Introduction to JumpStart Image editing - Stable Diffusion Inpainting

This notebook’s CI test result for us-west-2 is as follows. CI test results in other regions can be found at the end of the notebook.

Set Up
Select a model
Retrieve JumpStart Artifacts & Deploy an Endpoint
Query endpoint and parse response
Clean up the endpoint

Note: This notebook was tested on ml.t3.medium instance in Amazon SageMaker Studio with Python 3 (Data Science) kernel and in Amazon SageMaker Notebook instance with conda_python3 kernel.

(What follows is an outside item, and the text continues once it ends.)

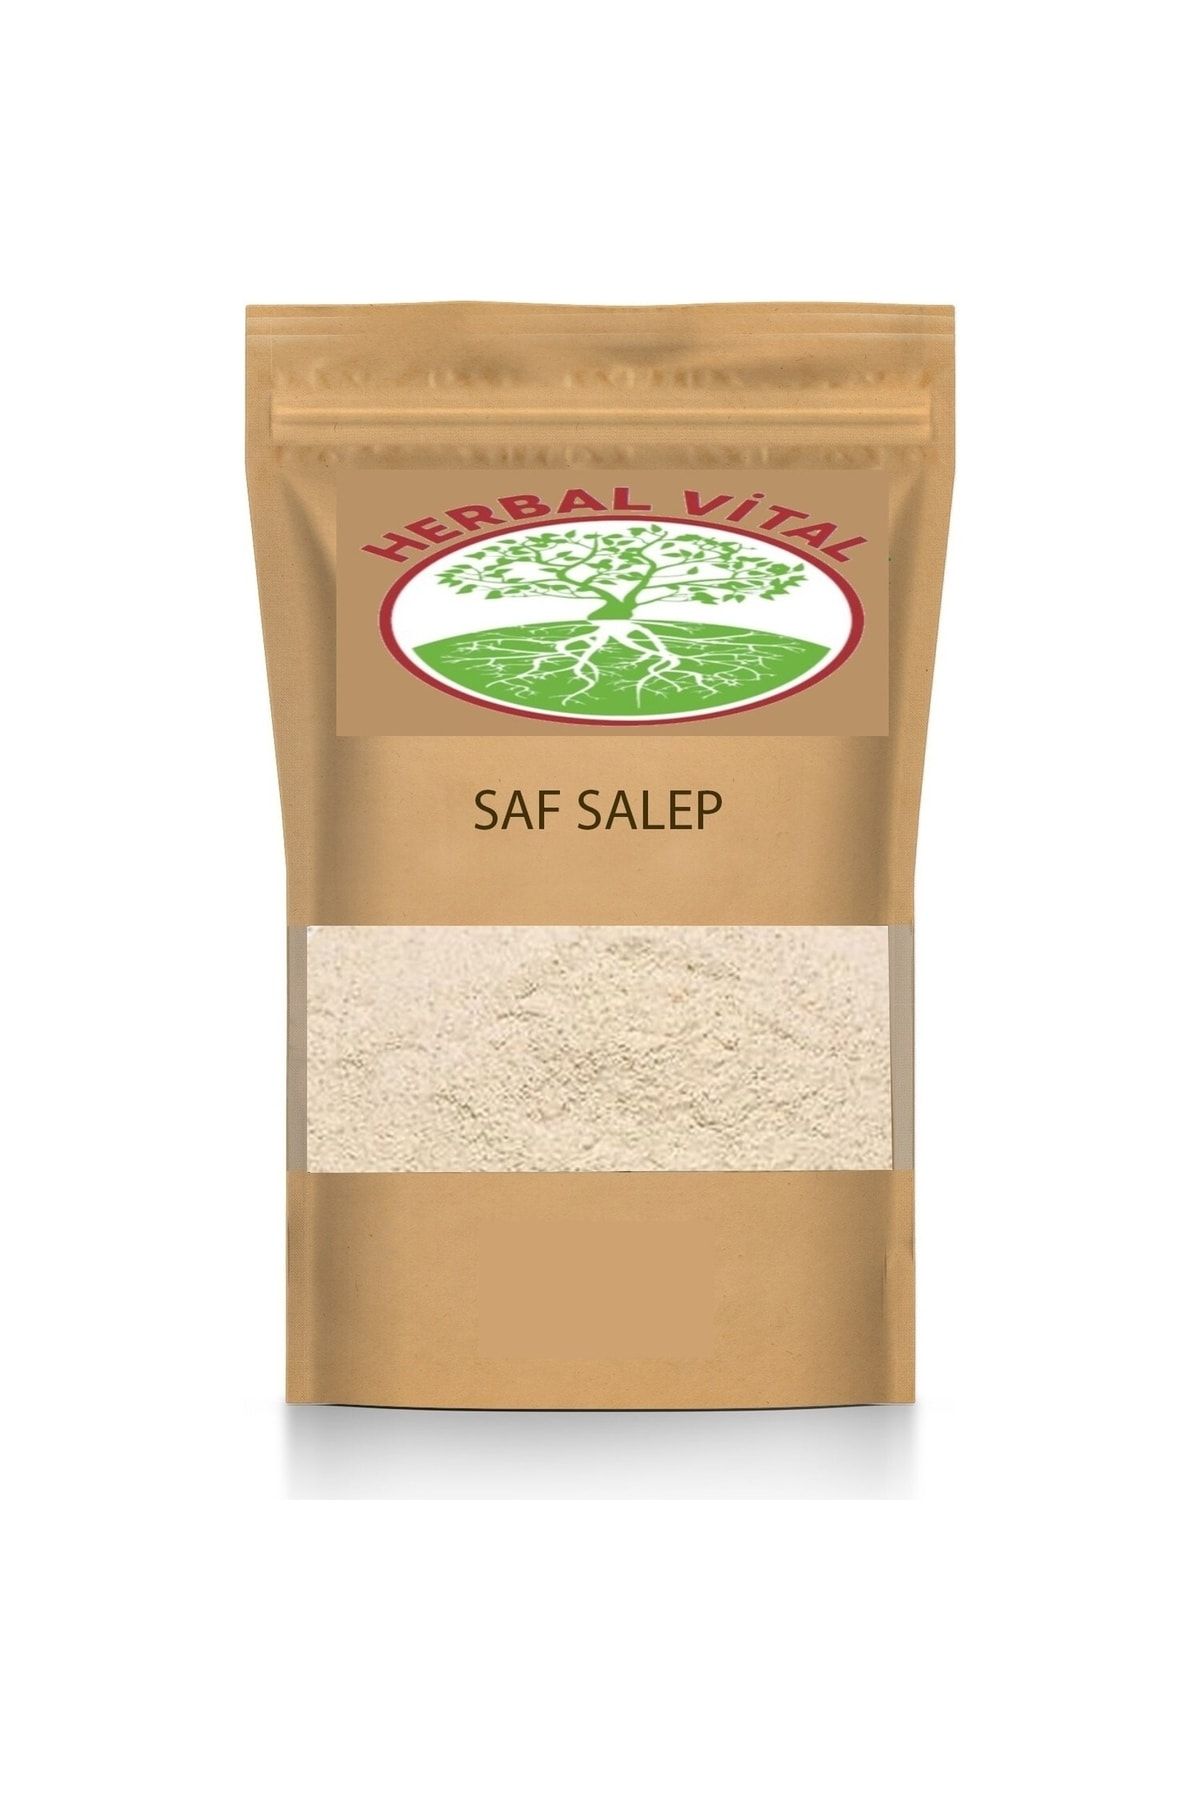 herbal vital Sahlep Saf Salep 100gram (dondurma Ve Içecek Yapımına Uygun Ürün)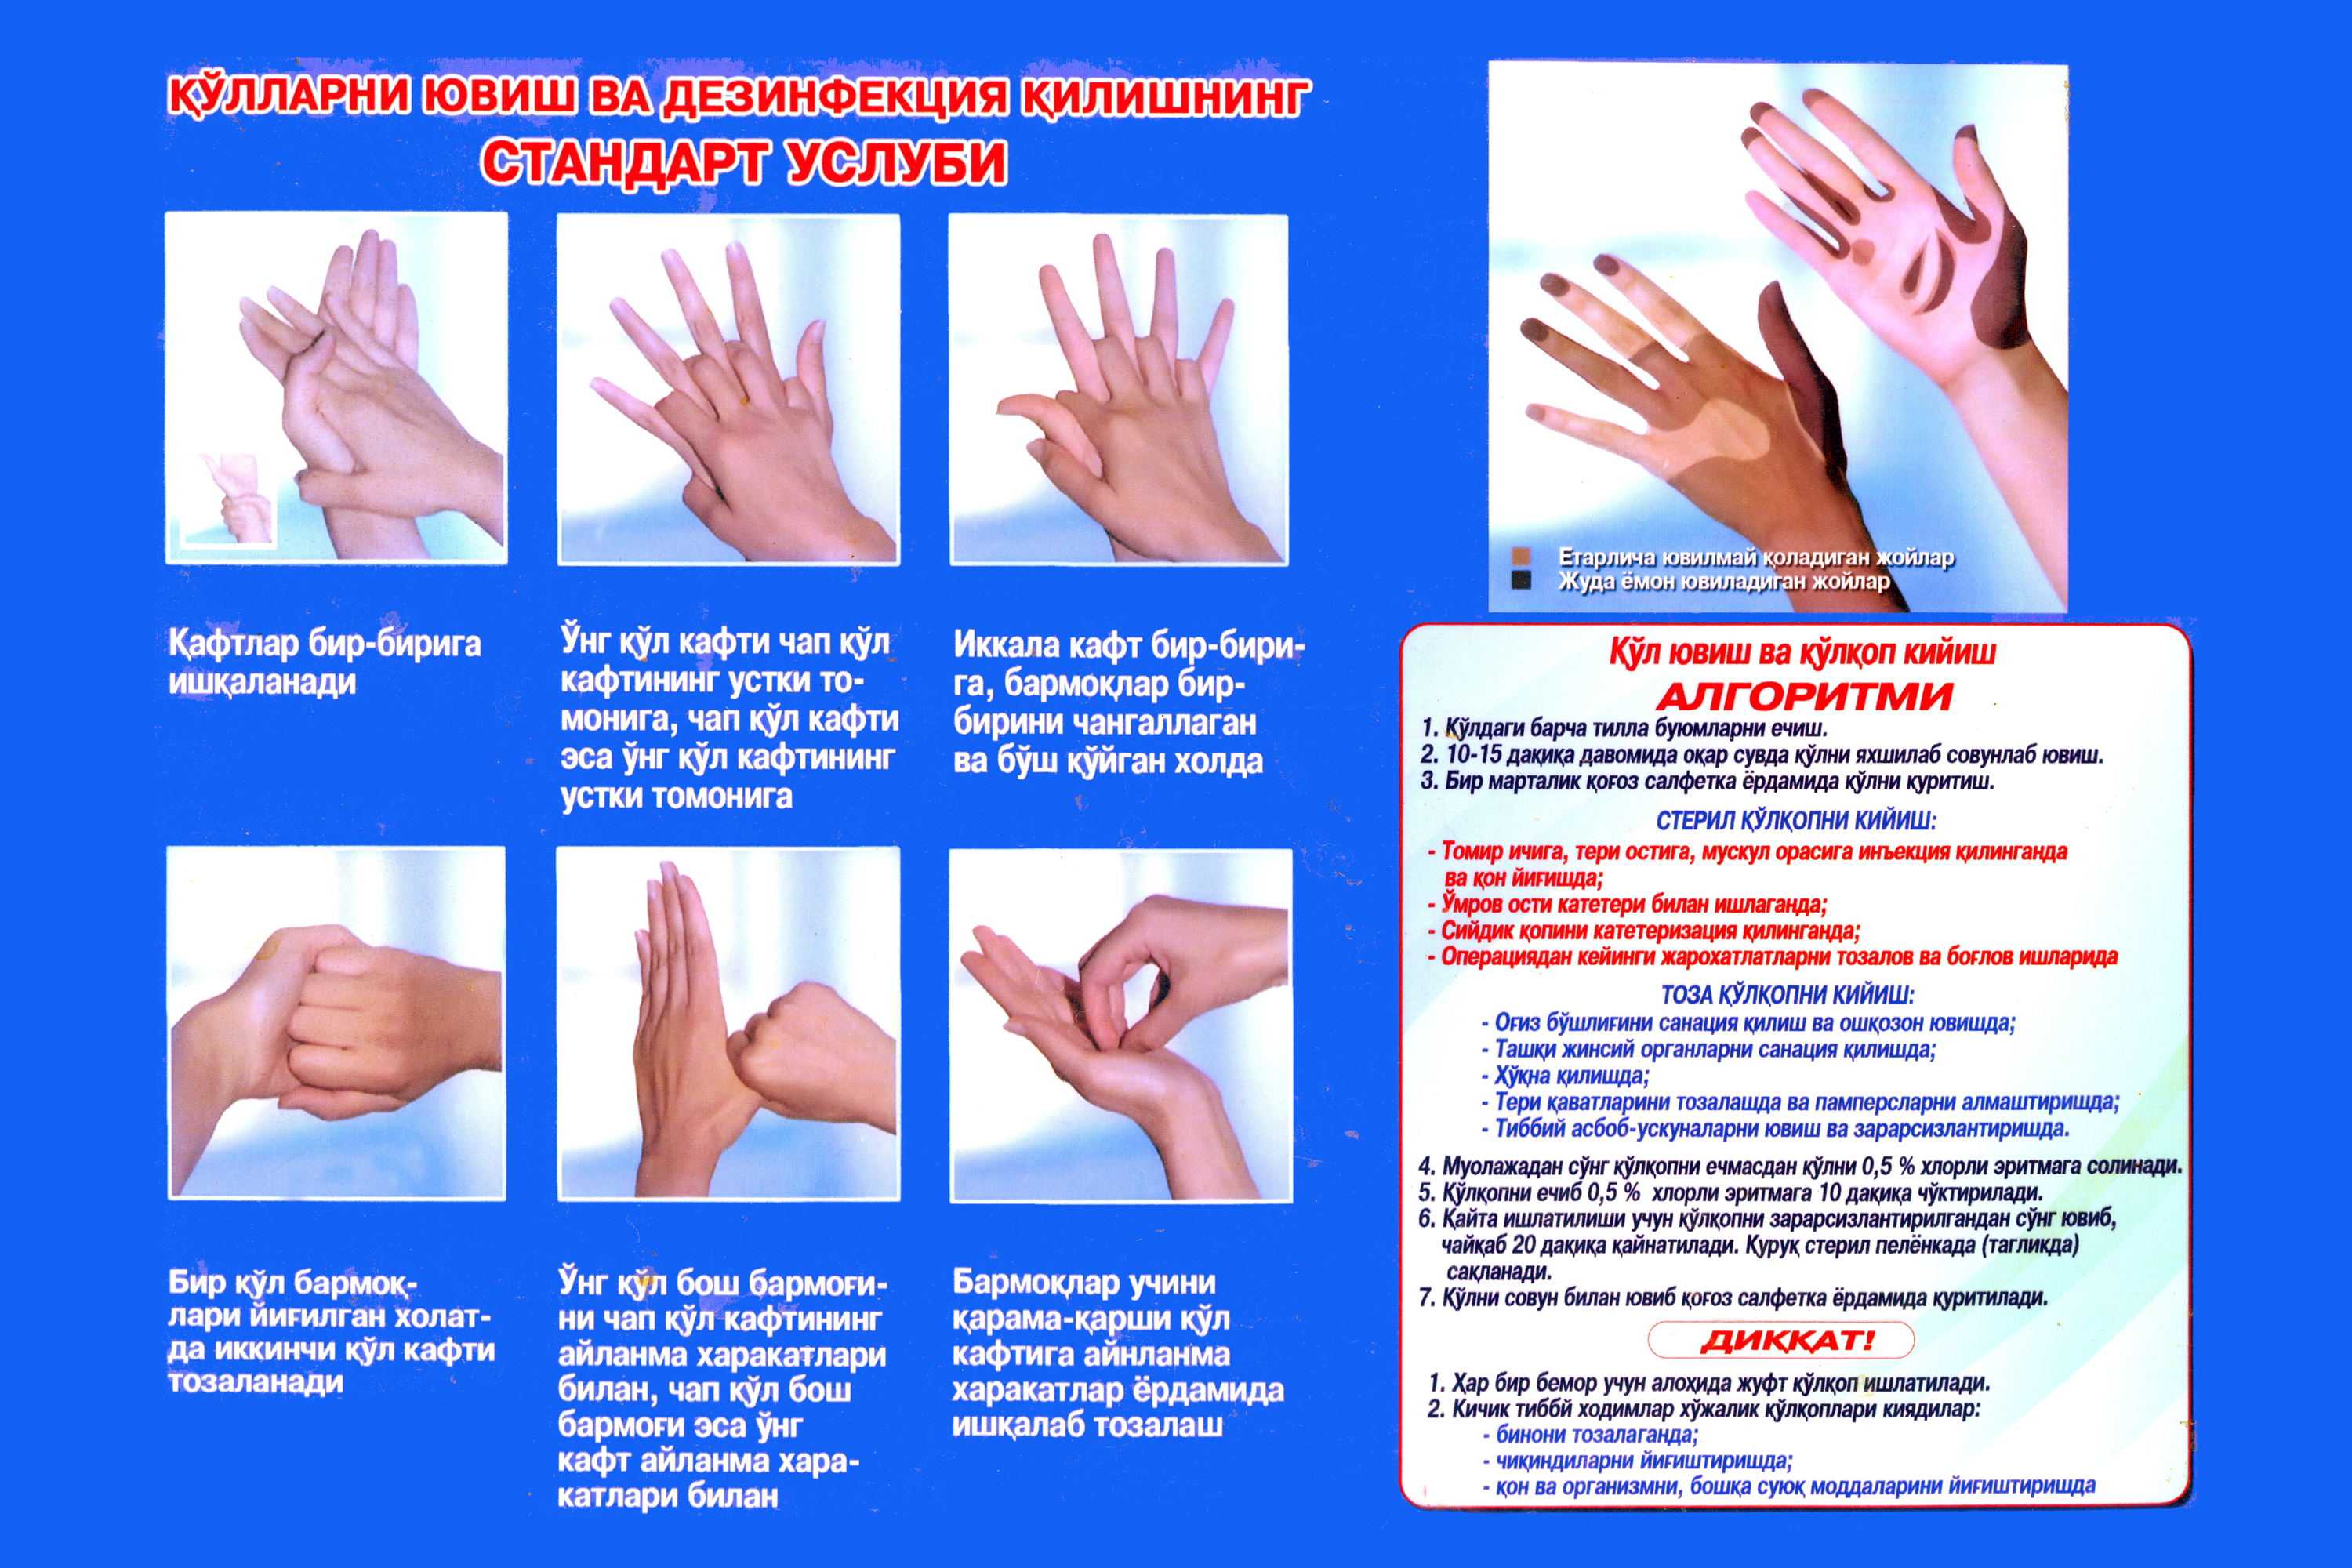 Приказ мытья рук. Гигиеническая обработка рук. Мытье рук медицинского персонала. Техника обработки рук. Гигиена антисептика рук.

Note: After you’re done running the notebook, make sure to delete all resources so that all the resources that you created in the process are deleted and your billing is stopped. Code in Clean up the endpoint deletes model and endpoints that are created.

1. Set Up

[ ]:

!pip install ipywidgets==7.0.0 --quiet
!pip install --upgrade sagemaker

Permissions and environment variables

[ ]:

import sagemaker, boto3, json
from sagemaker import get_execution_role

aws_role = get_execution_role()
aws_region = boto3.Session().region_name
sess = sagemaker.Session()

2. Select a model

You can continue with the default model, or can choose a different model from the dropdown generated upon running the next cell. A complete list of SageMaker pre-trained models can also be accessed at Sagemaker pre-trained Models. ***

[ ]:

model_id, model_version = "model-inpainting-stabilityai-stable-diffusion-2-inpainting-fp16", "1.*"

[Optional] Here, we filter-out all the inpainting models and select a model for inference. ***

[ ]:

from ipywidgets import Dropdown
from sagemaker.jumpstart.notebook_utils import list_jumpstart_models

# Retrieves all Text-to-Image generation models.
filter_value = "task == inpainting"
inpainting_models = list_jumpstart_models(filter=filter_value)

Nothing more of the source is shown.